Todos nós estamos o tempo todo construindo e desconstruindo identidades. É preciso pensar nessas construções e desconstruções a partir de dimensões sociais e pessoais, pois estas nos levam a construir identidades até mesmo contraditórias, dependendo de nossa identificação com grupos determinados. Essas construções se dão no âmbito da cultura e da história por entender que somos seres sociais e que não é

possível construir uma identidade fora desse contexto social-histórico. E, nesse sentido, a cultura faz parte essencial dessa construção.

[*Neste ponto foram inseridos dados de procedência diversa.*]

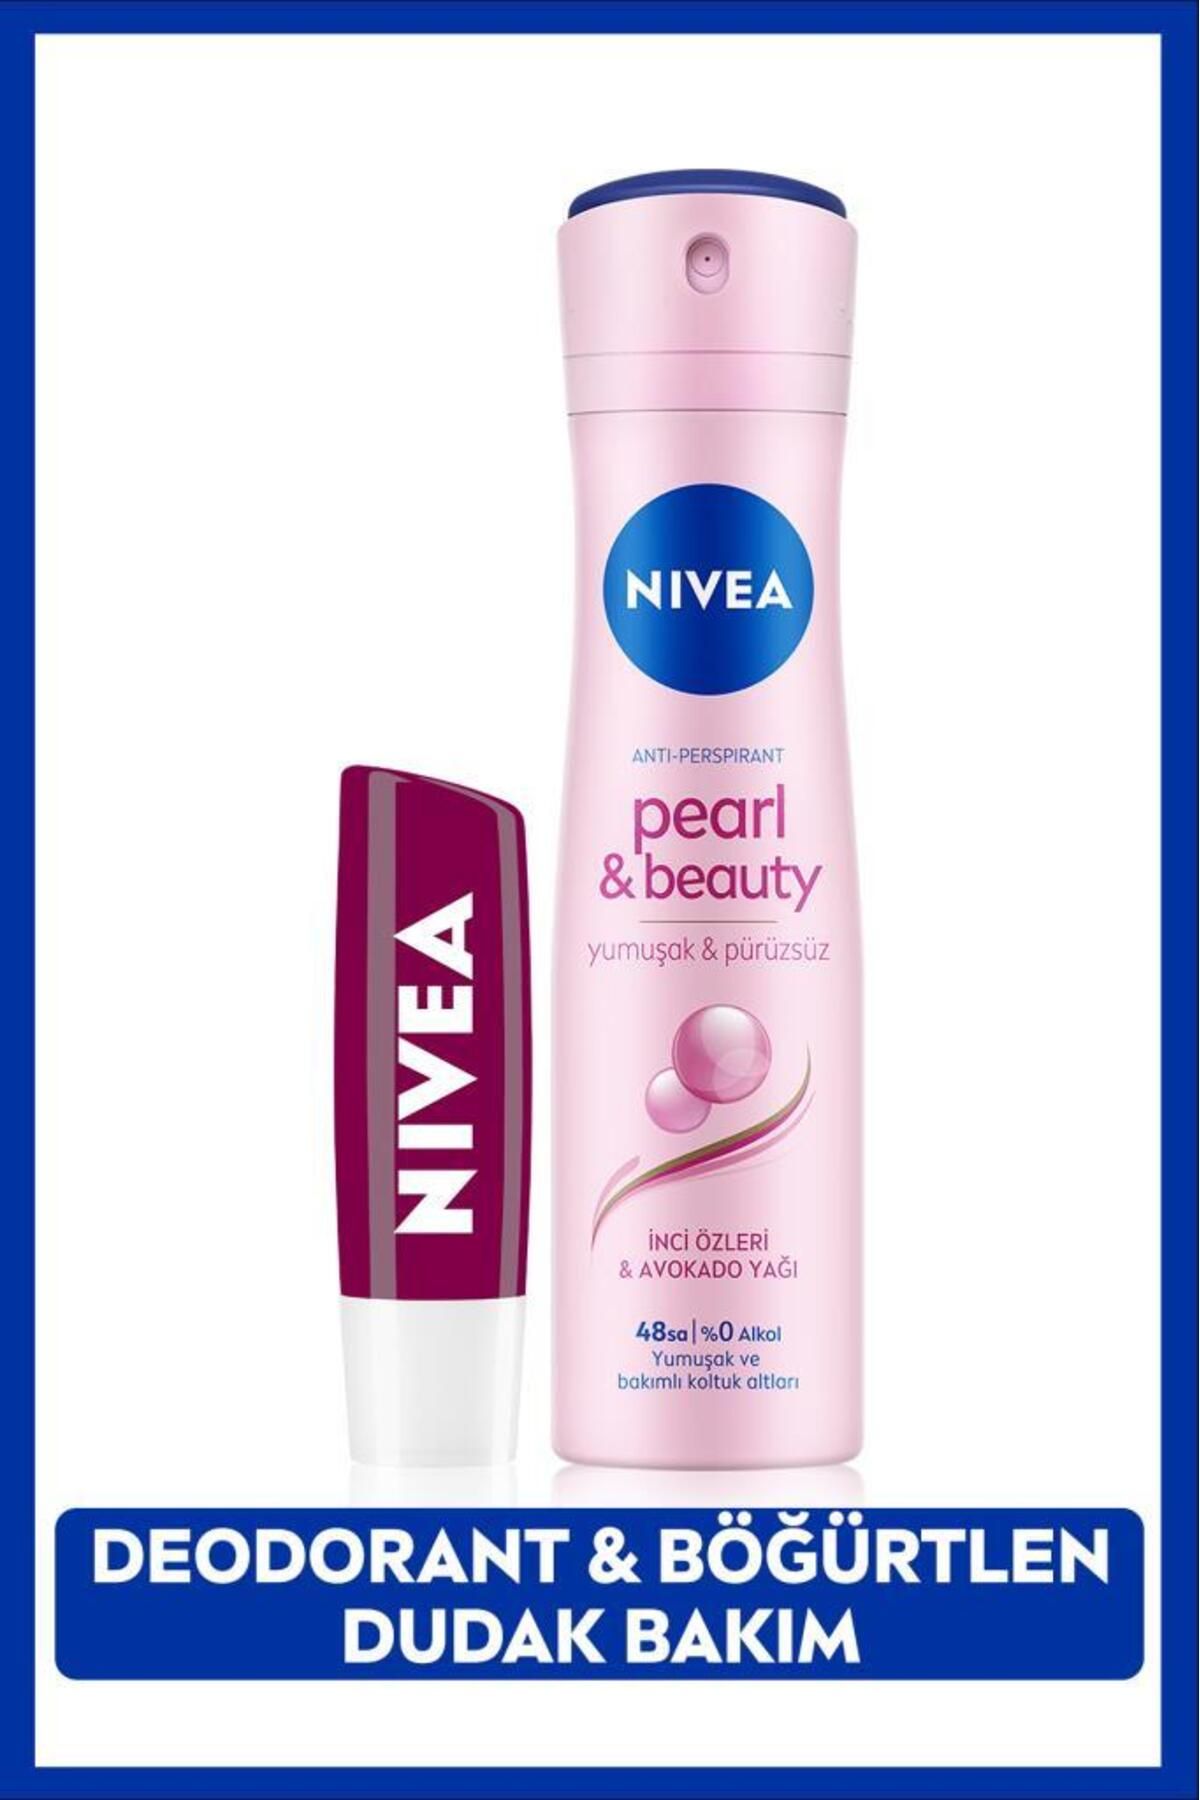 NIVEA Kadın Sprey Deodorant Pearl&Beauty 150ml, 48 Saat Koruma ve Nemlendirici Böğürtlen Dudak Bakım Kremi

É importante pensar nessa construção identitária negra partindo de espaços socialmente negados para essa população, e também nos espaços conquistados por ela como forma de resistência e de sobrevivência. A escola é um desses espaços. Espaço este que lhe foi negado por muito tempo e que hoje apesar de frequentá-lo continua sendo um espaço de marginalização, exclusão e negação da população negra.

A cruel desumanização a que os(as) negros(as) foram submetidos lhes correspondeu uma grande perda cultural. Taxados de primitivos, sem cultura, os(as) negros(as) foram expostos a um trabalho de nacionalização no Brasil que condensou seus ritos e costumes a meras folcloridades. Aos poucos, perdeu-se também a memória de um povo que construiu a sociedade brasileira de hoje com suas diversidades e diferenças sociais, culturais, econômicas e raciais.

Seguindo com base nos estudos culturais, Gilroy (2001) diz que antes da consolidação do racismo científico, o termo raça era empregado quase no mesmo sentido da palavra cultura. Partindo desse ponto, podemos pensar nas implicações dessa confusão. Ao confundir raça com cultura como é hoje definida, é possível inferir a ligação entre ambas.

Thornton (2004) apresenta a discussão sobre a cultura e suas formas de manifestação e também se aprofunda na discussão de aspectos da cultura de algumas regiões do continente africano e na forma como a cultura foi se transformando ao longo do tempo a partir de outras influências vindas de fora, de outros países e das influências sofridas pelos(as) negro(as) ao chegarem ao Brasil no período da escravidão.

A definição do termo cultura passa também por sua dinâmica, o processo de um modo de vida de uma determinada sociedade, compreendendo aspectos como estrutura política, organização administrativa, parentesco, linguagem, literatura, oralidade, arte, música, dança, religião e outros (THORNTON, 2004).

Para o mesmo autor, a língua, bem como seus aspectos linguísticos, ainda é o método mais importante para se identificar a cultura de um povo. Ela é estruturante. Enxergando a cultura como uma forma de vida que identifica cada povo, podemos também citar outra categoria que compreende esse termo, que é a ordem material.

A ordem material passa pelos utensílios domésticos, a relação com a natureza e com as plantas que carregam elementos medicinais, a própria utilização do meio ambiente e a relação que determinado povo estabelece com ele. Nessa categoria, tais

elementos são mutáveis e imutáveis ao mesmo tempo, dependendo de sua funcionalidade para o povo.

As culturas estão sempre em constante transformação. Esse processo de mutação pode acontecer por duas formas. A primeira é pela alteração em suas dinâmicas internas, em razão de formas políticas, mudanças ambientais, modismos, crescimento populacional, questionamentos de intelectuais e outros. A segunda, pela interação e relação estabelecida com outras culturas, negociações comerciais, modelos de política ou alianças. Ambas as relações interferem na cultura e na forma como as comunidades e povos se organizam e se veem.